The 11 key employment workplace values are listed below in descending order of employee preference. This table clearly shows that:

  • Employees regard every value statement as more important than executives realize.
  • The order of importance of those values to employees was clearly misunderstood by Iowa executives.

NOTE: The questions were presented to respondents using Likert scales. Scored on a 1 to 100 scale, the highest number represents the most positive response.

 Values Study - Workplace Values

From the table we learn that executives understand Respect at the workplace and a sense of Achievement on the job are very important values to their employees. However, when ranked, executives mistakenly believe that Job Security, Money, Employer Leadership, Benefits and Personal Safety are all more important to their employees than the opportunity to Balance work time with family needs.

Here’s the big takeaway from the above table:

THE GREATEST ERROR OF EXECUTIVES IS UNDERESTIMATING THE IMPORTANCE OF WORK-LIFE BALANCE TO THEIR EMPLOYEES.
The importance of employees having a well-rounded lifestyle is critical to the mental well-being of employees – and Iowa employers should take note.

Some other interesting findings from this Study that may be worth noting, include:

  • By Gender: Female executives are in-tune with female employees. In contrast, male executives underestimated the importance of many values to both male and female employees. The largest disconnect being the importance of Balance and Time to their female employees.
  • By Age: Separated into categories of those younger and those older than 50 years of age, executives under 50 underestimated the importance of workplace values for their employees in all 11 categories. Employees, regardless of age, rated workplace values similarly.
  • By Generation: Generation X employees (born between 1967 – 1976) rated Money as the second least important workplace value, considerably lower than the other generations. All generations of executives significantly underestimated the importance of Balance and Time to all generations of employees.
  • By Income: Lower paid executives clearly underestimated the importance of 10 of the 11 workplace values to employees who earn less than $50,000 (79 percent of the respondents).
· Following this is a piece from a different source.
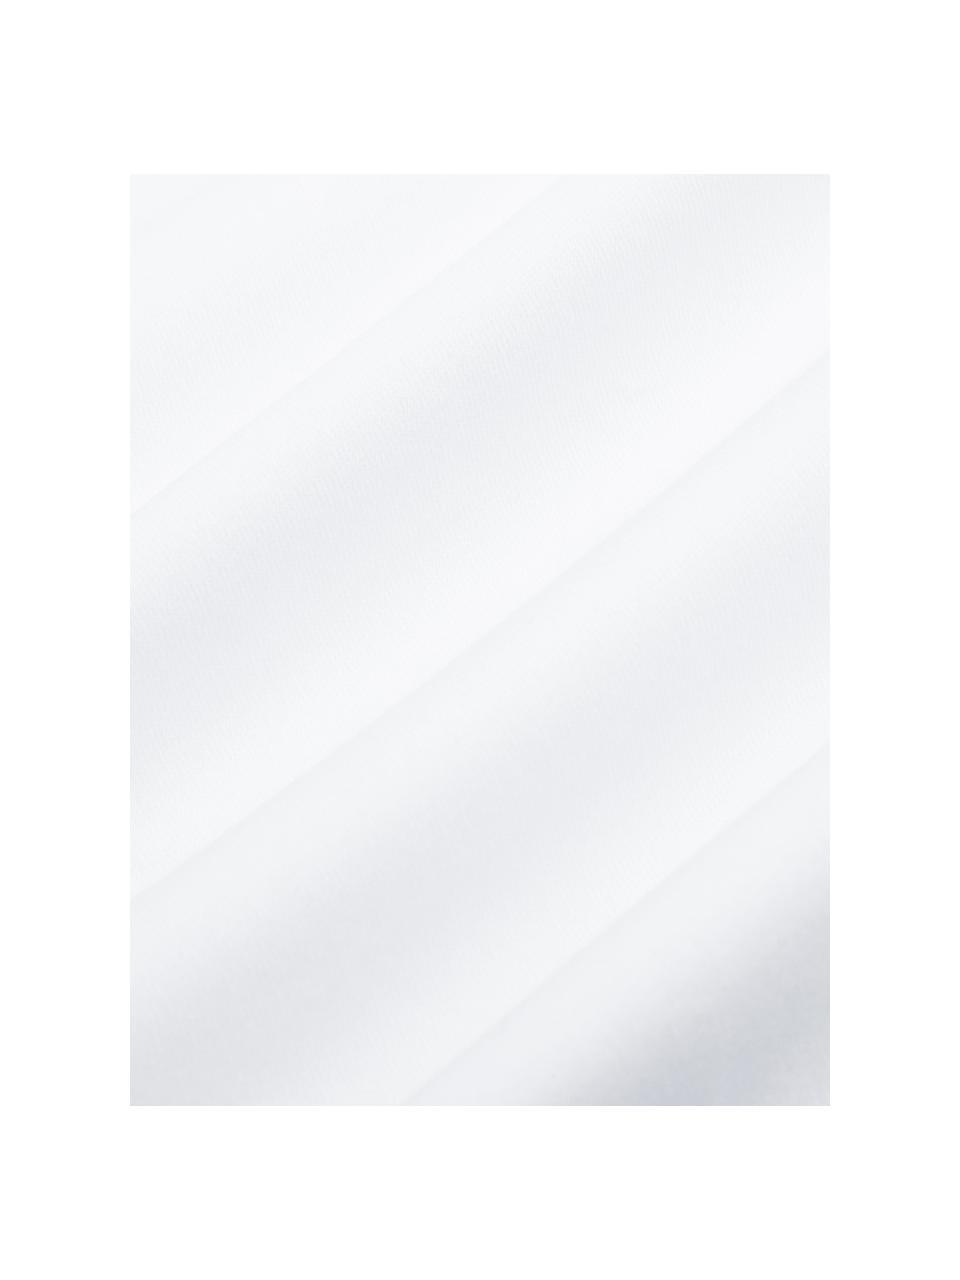 Spannbettlaken Premium aus Bio-Baumwolle in Weiß, Satin, Webart: Satin Fadendichte 400 TC,, Weiß, 160 x 200 cm

This survey was conducted before the full impact of the Great Recession – which began in 2007/2008. My suspicions, however, are that many employee and executive views in today’s environment may be relatively similar to those views found within this Study. Having Respect, a sense of Achievement and a work-life Balance are most assuredly timeless values…
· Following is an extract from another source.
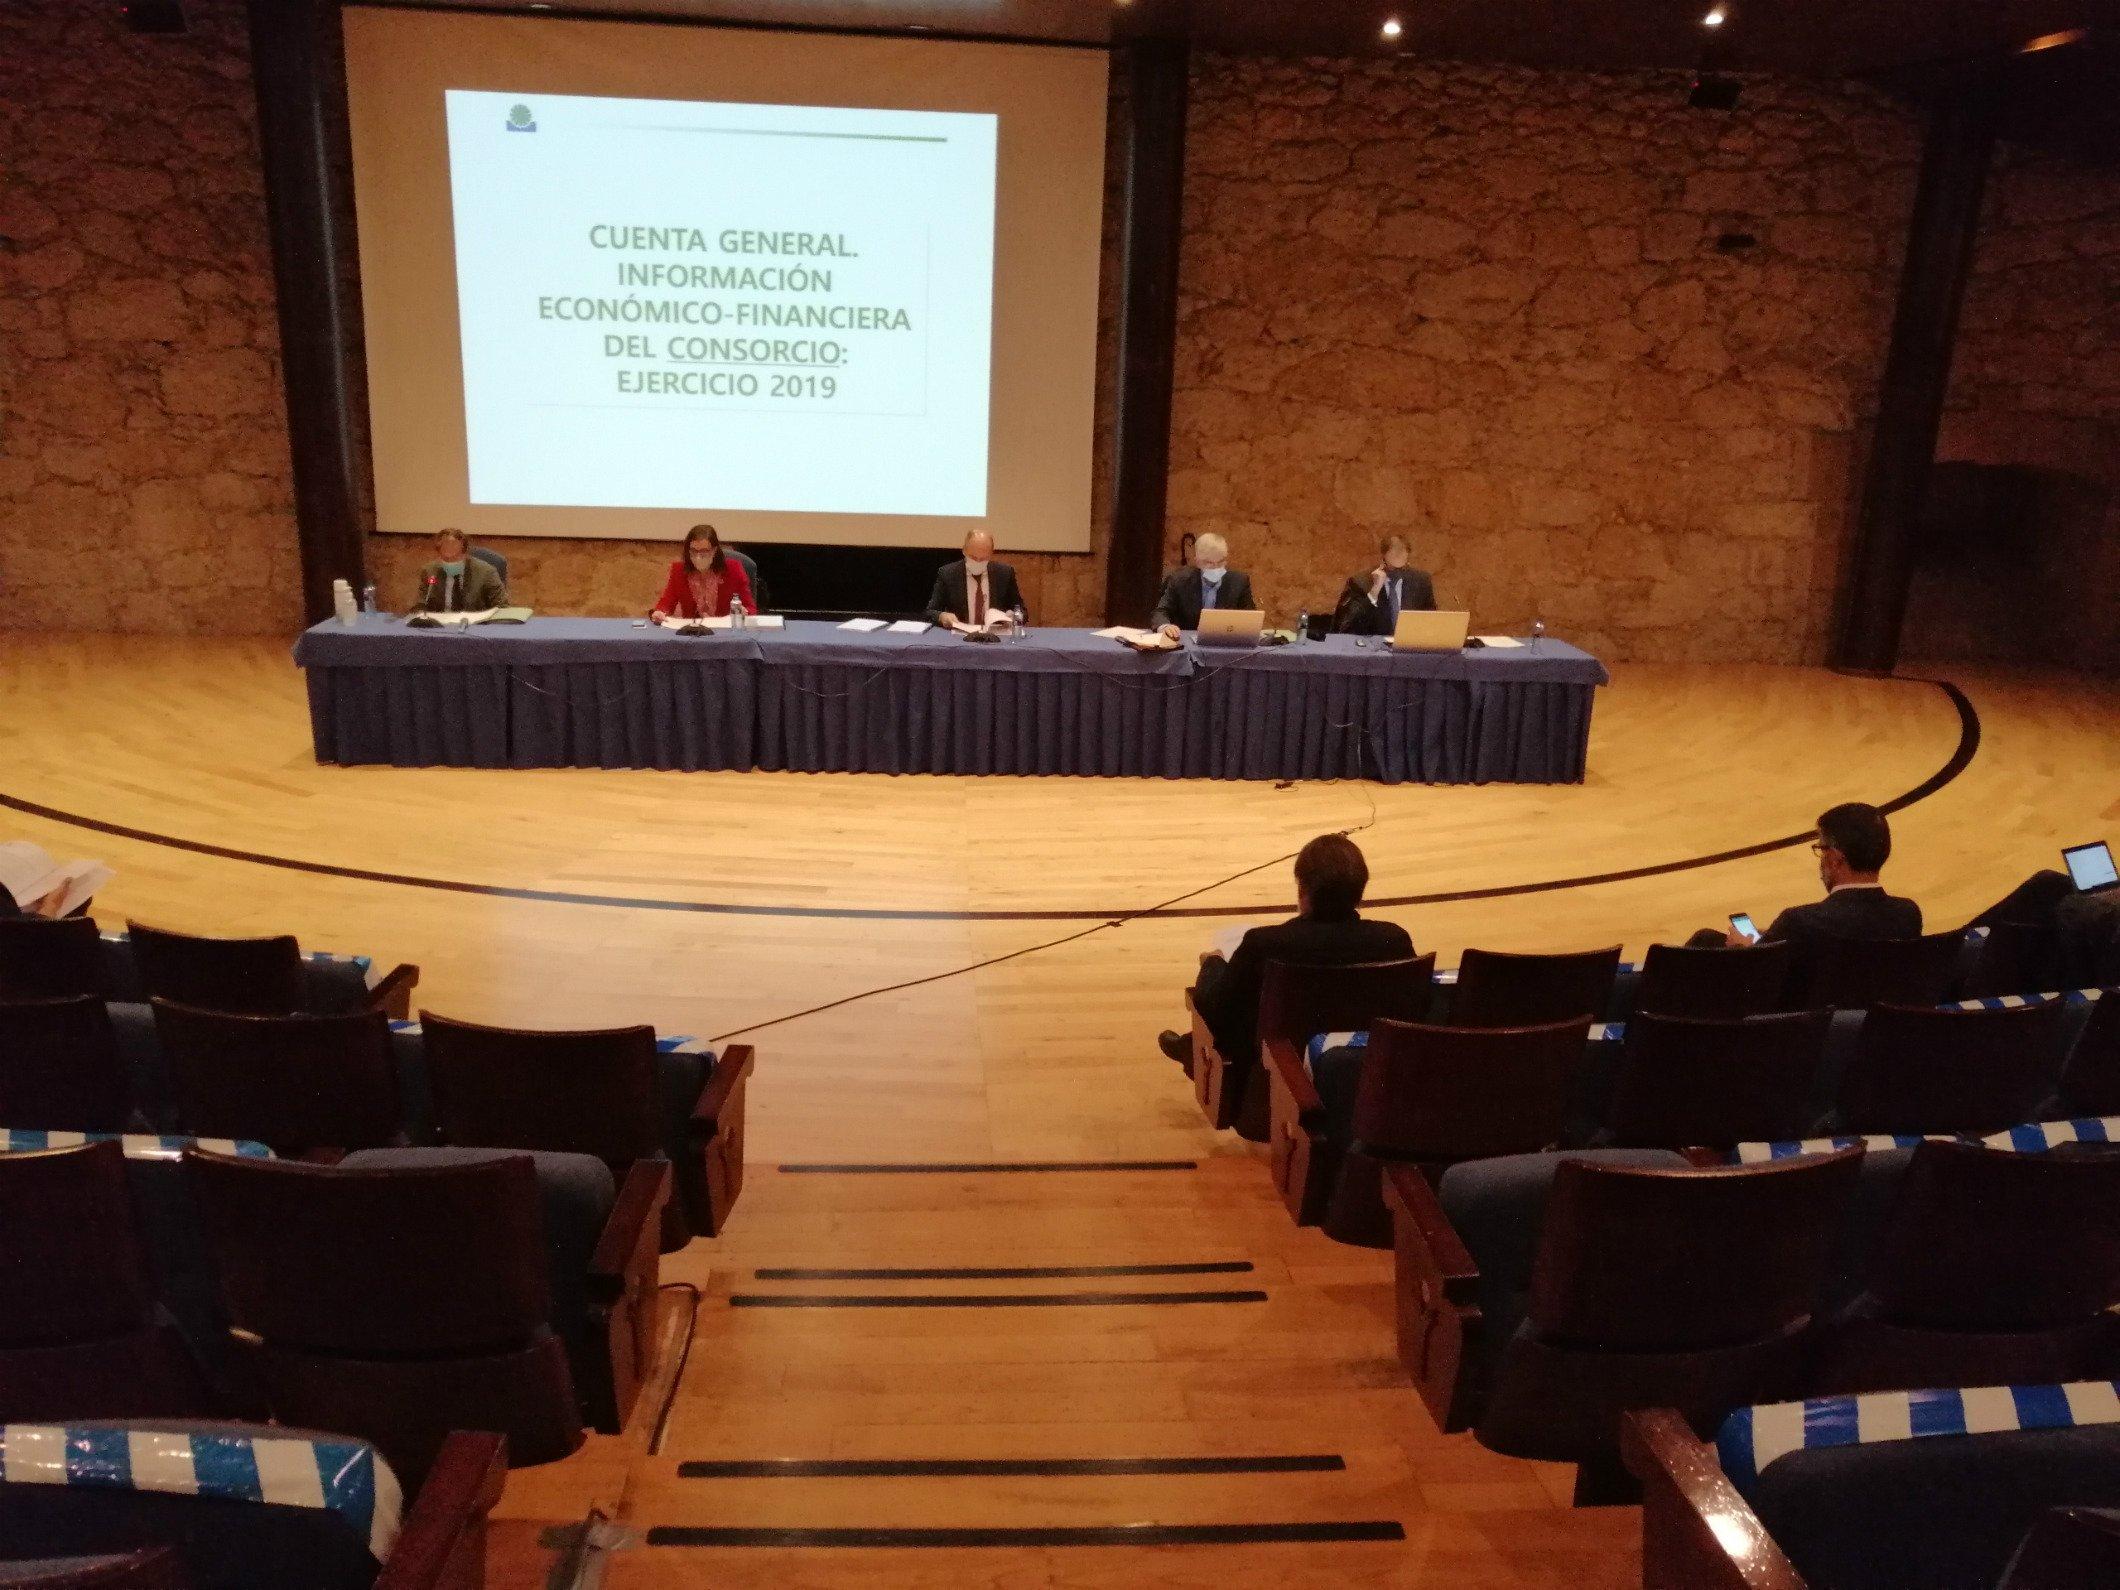 La junta general de Cogersa aprueba el presupuesto para 2021, que supera los 44 millones

Iowa employees value Respect, Achievement and the opportunity to Balance work time with family needs as most important, even more important than pay. In today’s globally competitive environment, Iowa employers will need to create a culture that is more responsive to these employee needs and values to attract and retain qualified employees. Being appreciated and valued on the job is the number one value to employees. When asked “What is the one main thing your organization could do better?” the answer: “Show appreciation for hard work,” was consistently heard. This is not an expensive solution, as appreciation can be effectively expressed in a non-monetary way.
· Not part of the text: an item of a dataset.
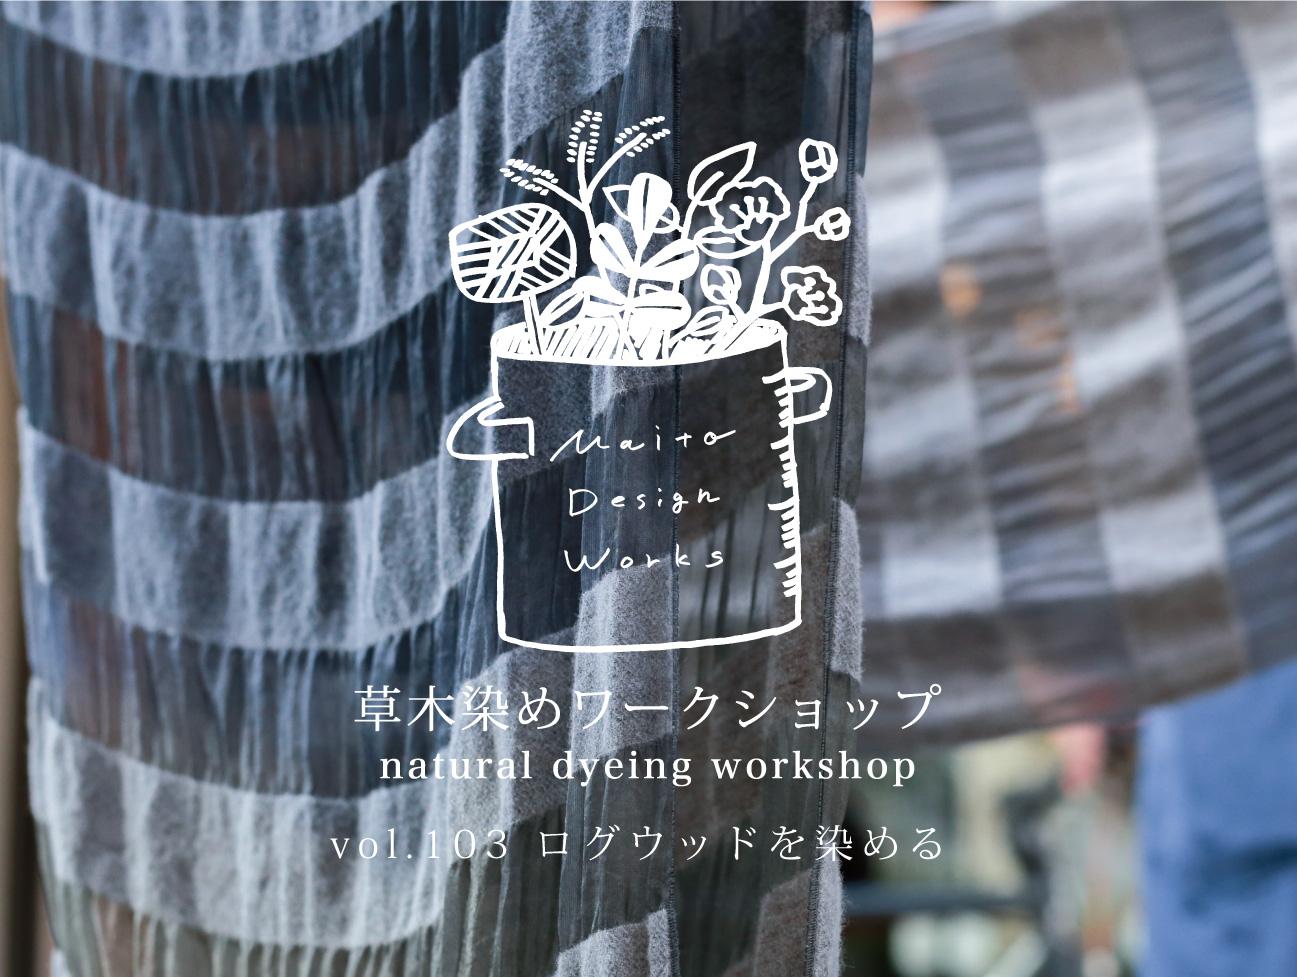 9/10・11・12草木染めワークショップ ~ログウッドを染める~

Similarly, employees who are proud of their organization were significantly more positive about all aspects of their job. Employers are best served to communicate accurate details about the organization to employees and foster employee pride. Organizations may also consider flextime programs that allow for individual needs, as employees responded overwhelmingly in this Study that they value a healthy work and family balance.

I will continue to ‘dust off’ other gems found within this report, which to my knowledge, was the first study of its kind within Iowa that objectively addressed the disconnect between employer-employee opinions on employment values. Performing another Study similar to this one is definitely on my wish list for the future!